Canada. L'Office national du film présente Ceux qui parlent français. De Montréal à Manicouagan. Un film d'Arthur Lamothe. [Générique de fin] Réalisation : Arthur Lamothe. Images : Jean-Claude Labrecque, Guy Borremans. Enregistrement du son : Claude Pelletier. Montage : Victor Jobin. Trame sonore : Maurice Blackburn, Bernard Bordeleau. Mixage : Ron Alexander, Roger Lamoureux. Production : Fernand Dansereau. L'Office national du film. Canada. MCMLXIII.
Note : N'apparaît pas au générique : Narrateurs : Henri Norbert, Maurice D'Allaire
Tournage : Novembre et décembre 1962
Coût : 28 660 $
Titre de travail : Manicouagan
Copie : ONF archives, Cinémathèque municipale de Montréal
Ce qu'on en a dit :
Robert Daudelin : De Montréal à Manicouagan (...) est une oeuvre mineure : «un dédale d'images», dira un critique [Jean Pierre Lefebvre dans Objectif, no 28]. Certains moments, certaines «images» échappent parfois au chaos pour nous rappeler les préoccupations de Lamothe, son souci du social, mais le film n'existe pas vraiment. Ce qui aurait pu être une nouvelle méditation, une version moderne des Bûcherons, n'existe que virtuellement. (1, p. 53-54)
Yvan Patry : De Montréal à Manicouagan (...) reprend
le même thème (du déracinement), mais cette fois-ci dans
une approche plus sociale et souvent esthétisante (exemples : reflets
du soleil sur l'eau, voyage «poétique» de la goélette).
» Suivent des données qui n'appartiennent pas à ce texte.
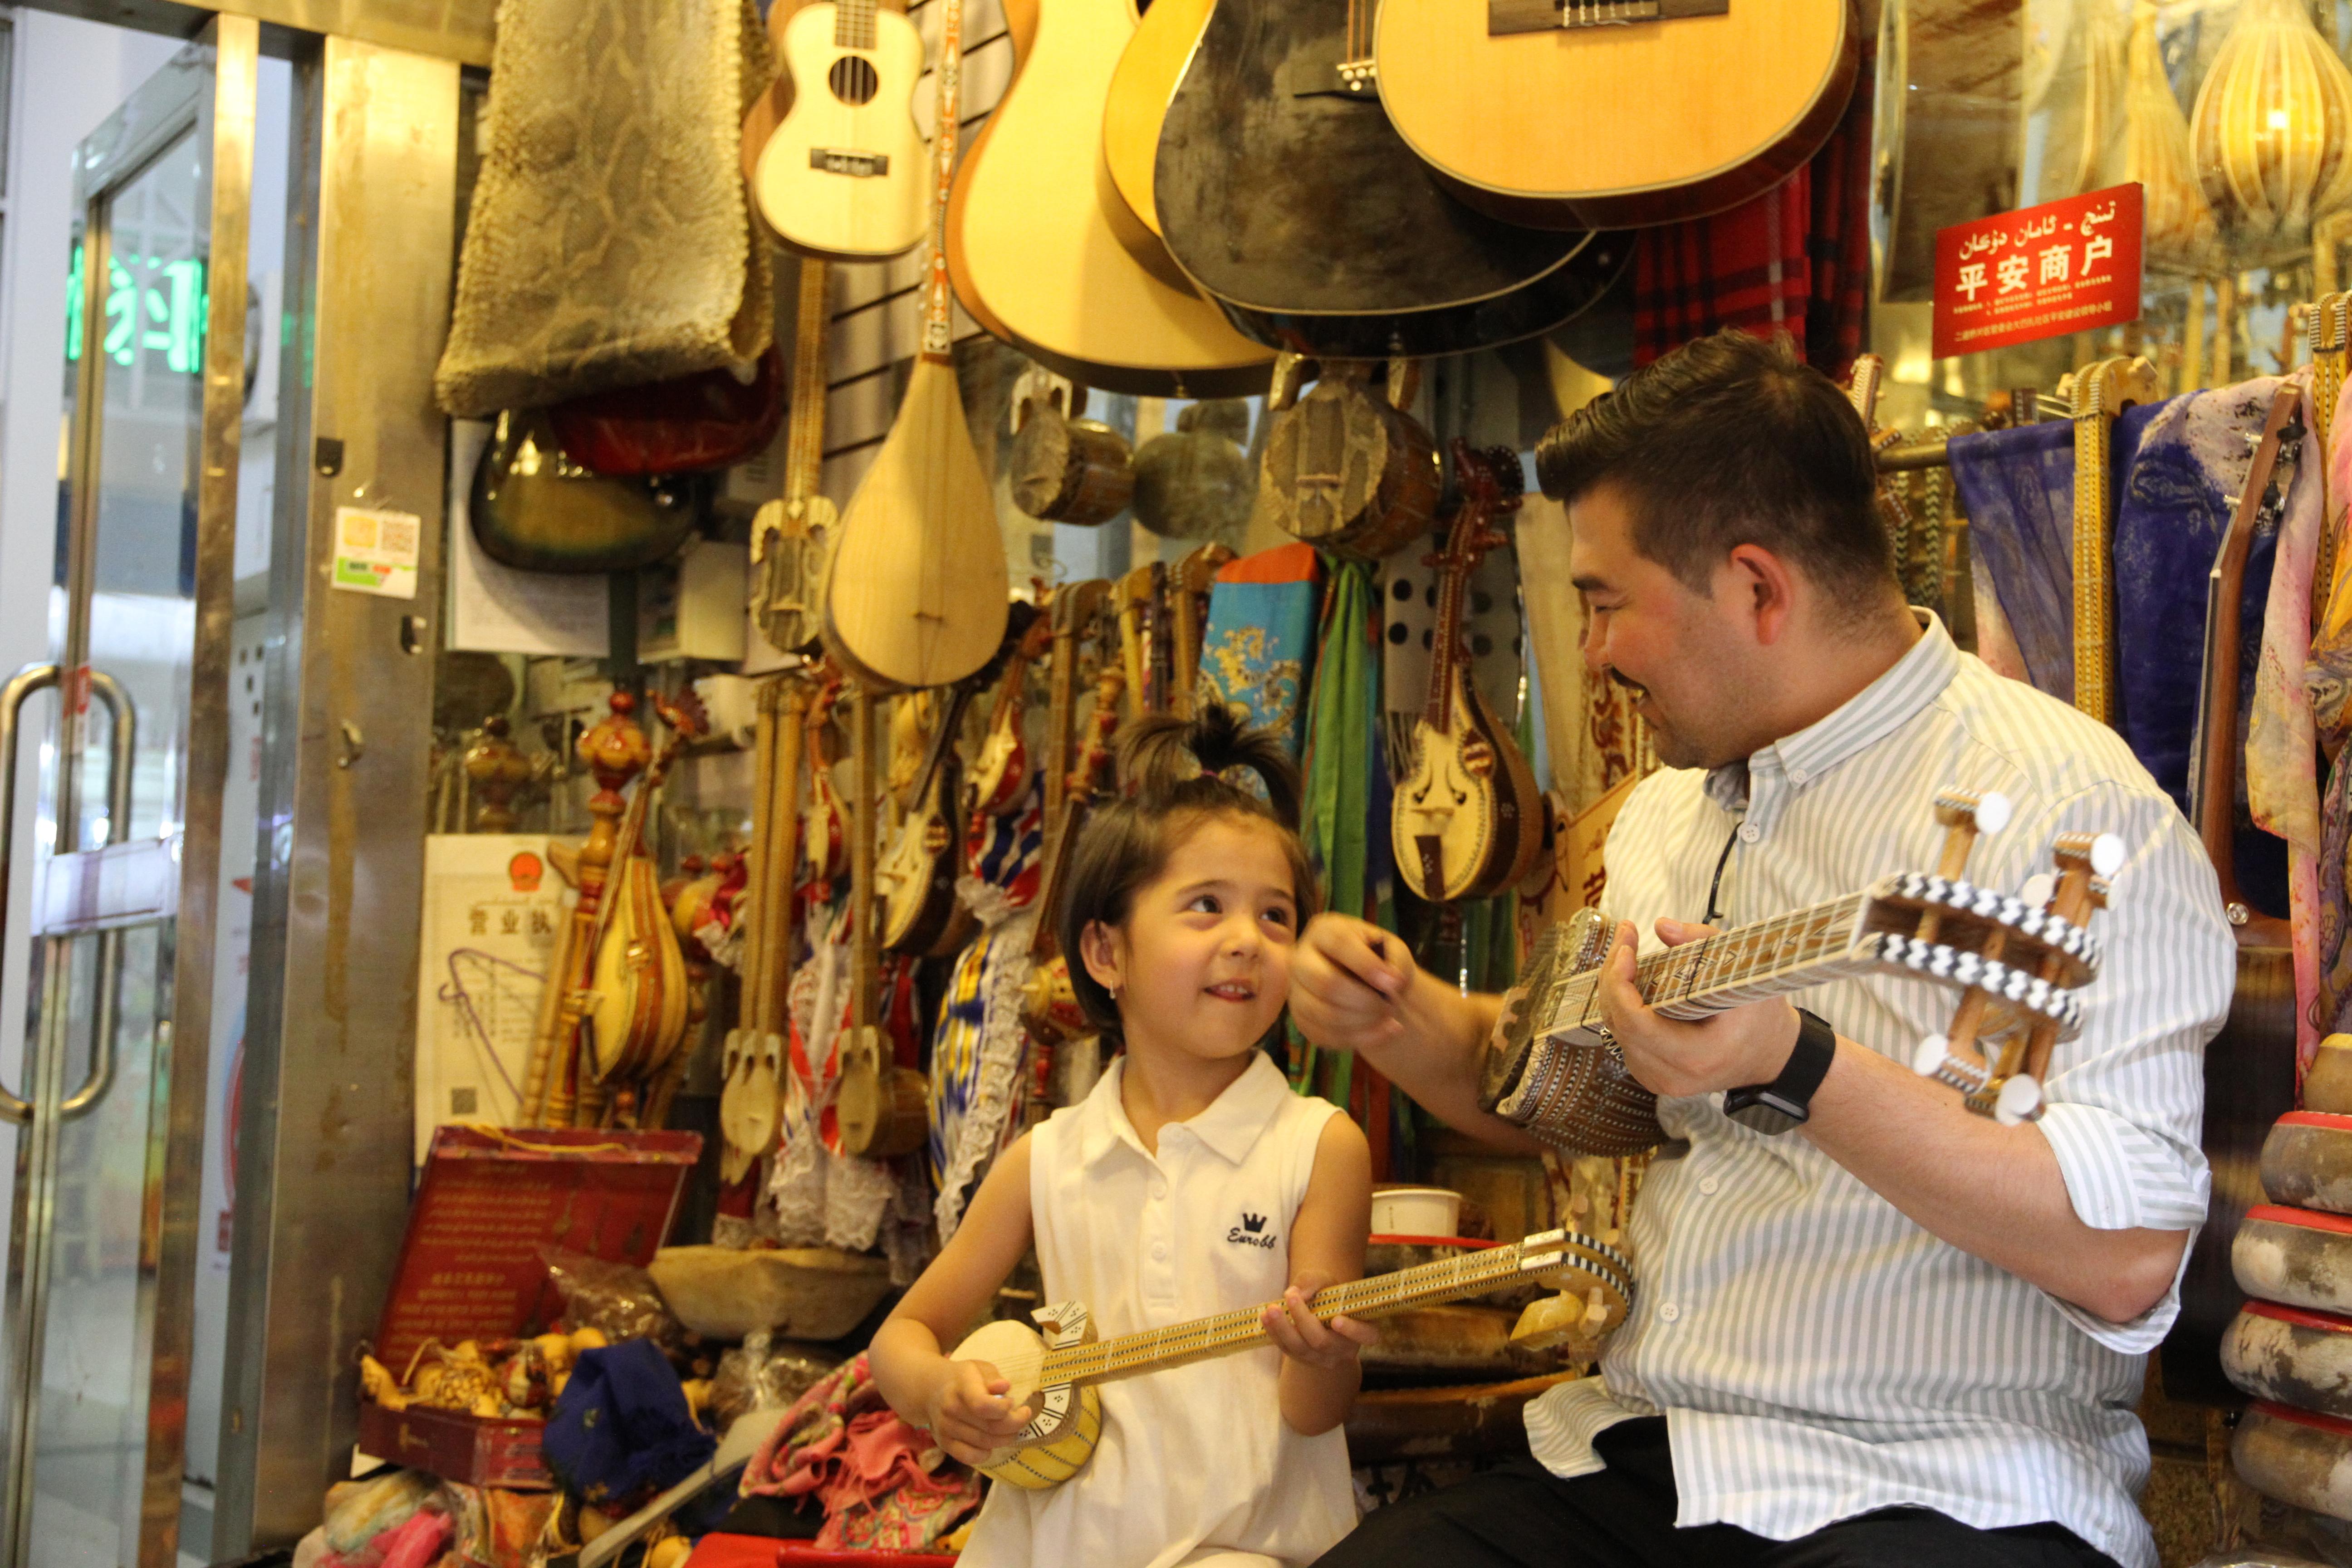 82、乌市国际大巴扎。乐器店自娱自乐的店老板和他的女儿

En effectuant ce long périple, Lamothe tente surtout d'établir
une continuité à même le Québec après le
constat de son premier film. Au-delà du temps (le cinéaste
d'origine française y glisse quelques notes historiques) et de l'espace
(il parcourt plus de 3000 milles) [Au fait, Patry ou Lamothe exagère
ici : il n'y a pas tout à fait mille milles, ou environ 1500 kilomètres,
entre Montréal et le barrage en question... ], il cherche à
retrouver les racines profondes du peuple québécois, à
montrer son unique identité. Ce n'est qu'après cette démarche,
nous dit Lamothe, qu'on pourra donner forme à notre lutte.
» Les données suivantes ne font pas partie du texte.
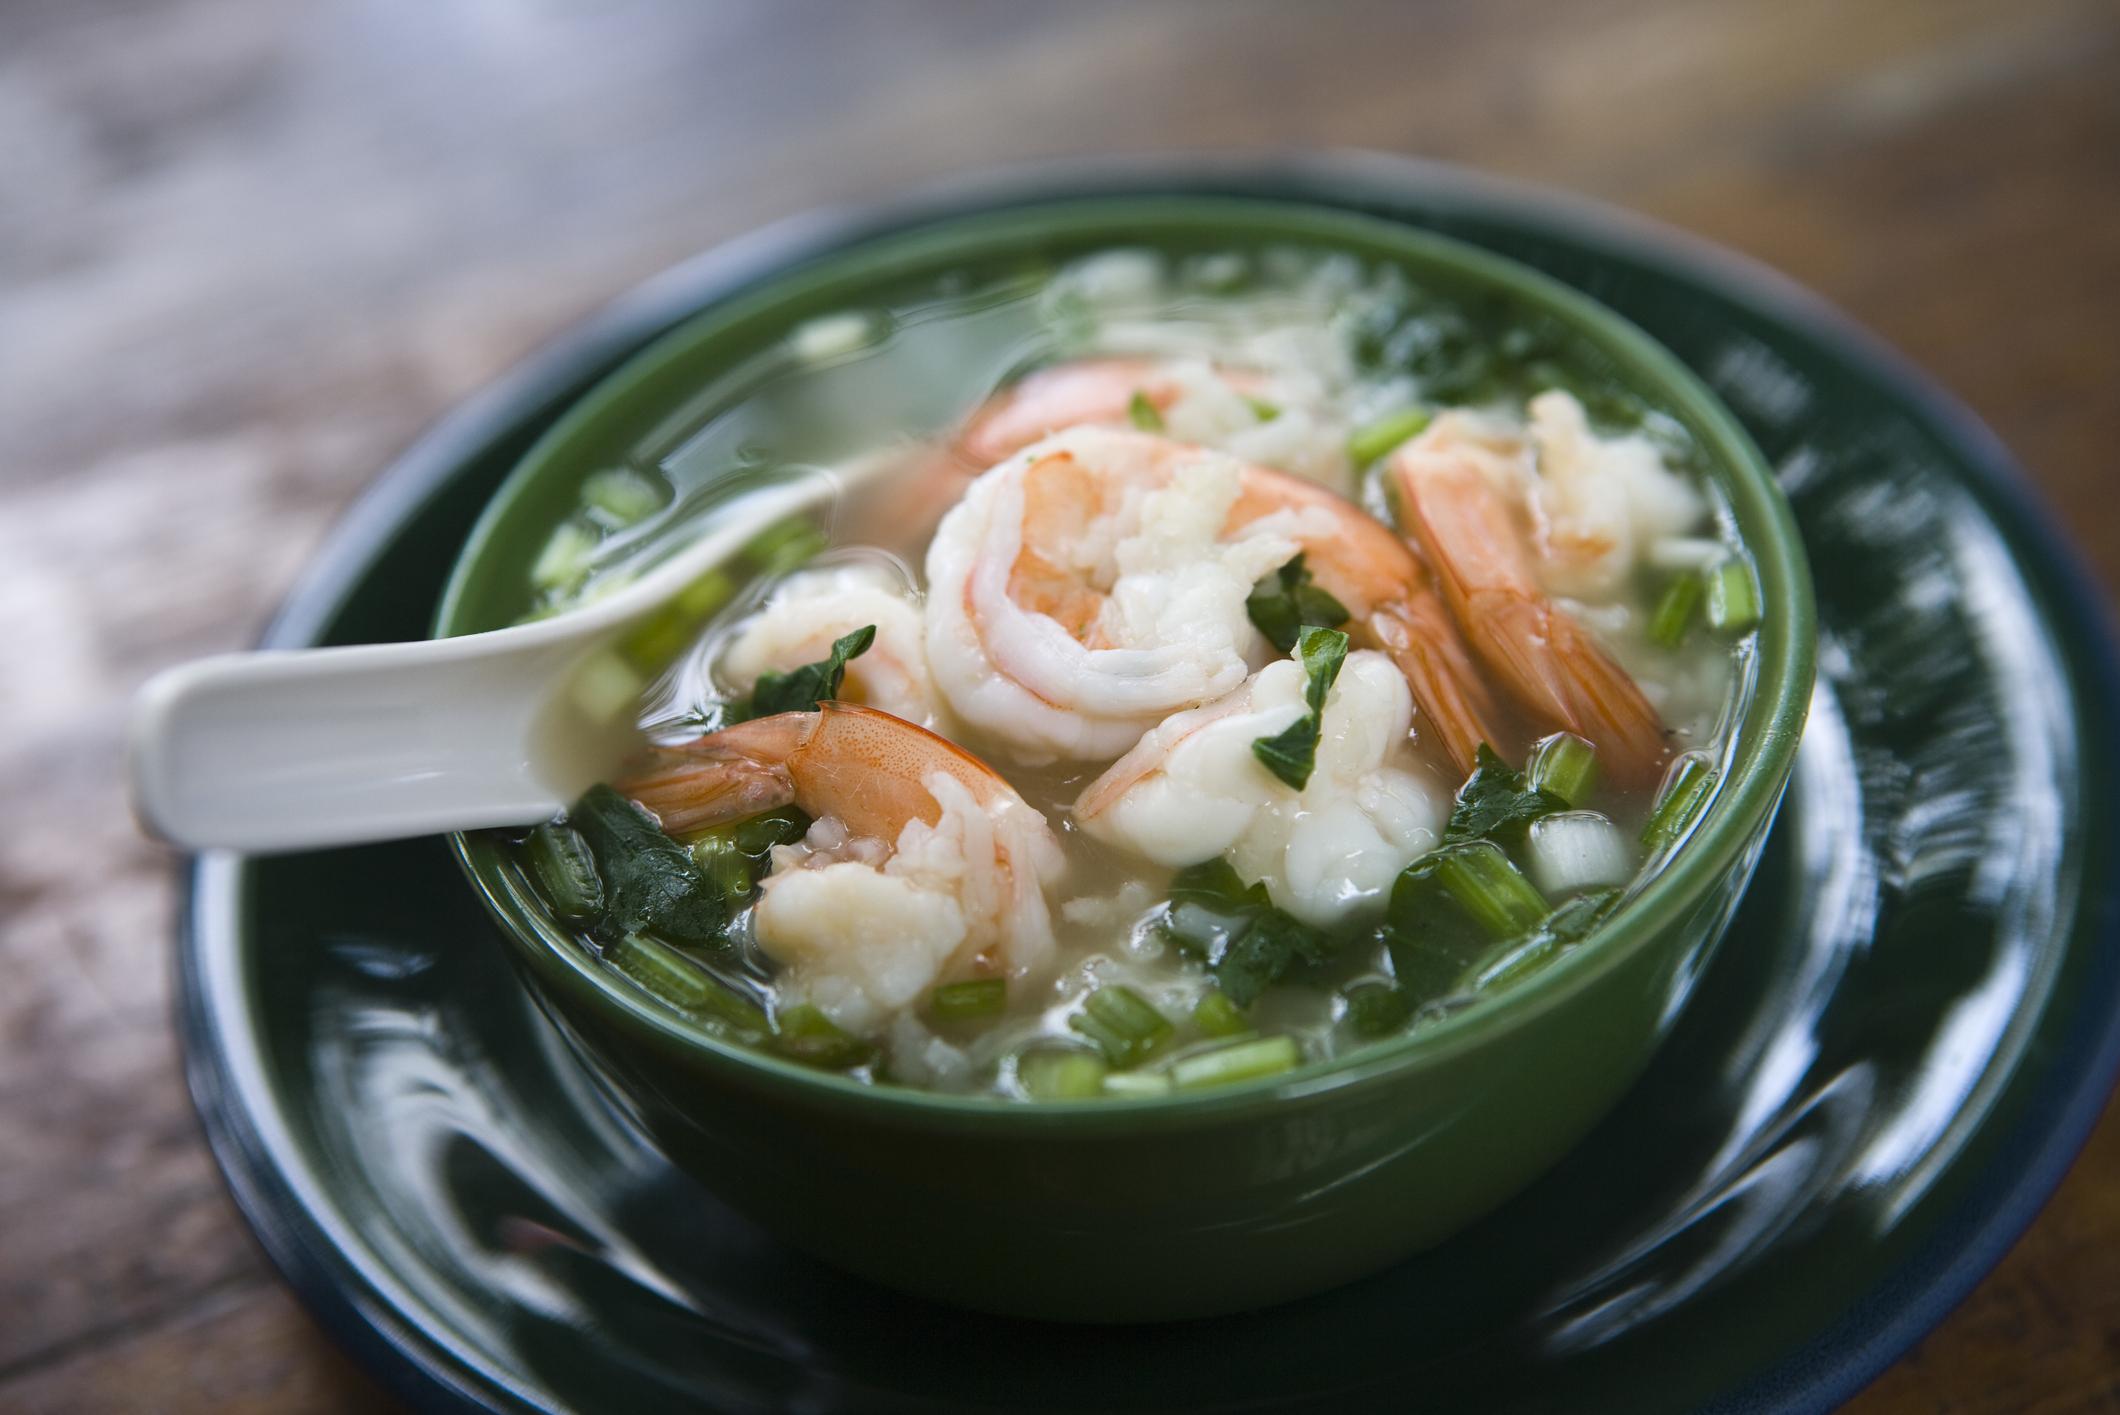 дисконт суп из креветок рецепт с фото очень настоящее время для

Le film ébauche surtout La Neige a fondu sur la Manicouagan
. (...) C'est pourquoi De Montréal à Manicouagan se
présente avant tout comme une oeuvre de transition : Lamothe y tente
une nouvelle méthode du cinéma direct, assez près du
documentaire de télévision (il interview entre autres le fils
d'un constructeur de goélettes, presque subitement sorti du Jean-Richard
de P. Perrault [sic]. Sa facture plus sinueuse avec mélange de points
de vue essentiellement descriptifs et une bande sonore personnalisée,
en fait une oeuvre moins unifiée «poétiquement»
que Bûcherons de la Manouane. (4, p. 118)
Analyse
Résumé : A la fin de l'automne, un «reporter» embarque sur le dernier bateau à aller porter le ciment servant à fabriquer les millions de tonnes de béton du barrage no 5 sur la rivière Manicouagan. La descente du fleuve fournit l'occasion de rappeler diverses considérations historiques et sociologiques. Au barrage, il interview des ingénieurs au sujet des travaux et enquête sur les conditions de vie des travailleurs.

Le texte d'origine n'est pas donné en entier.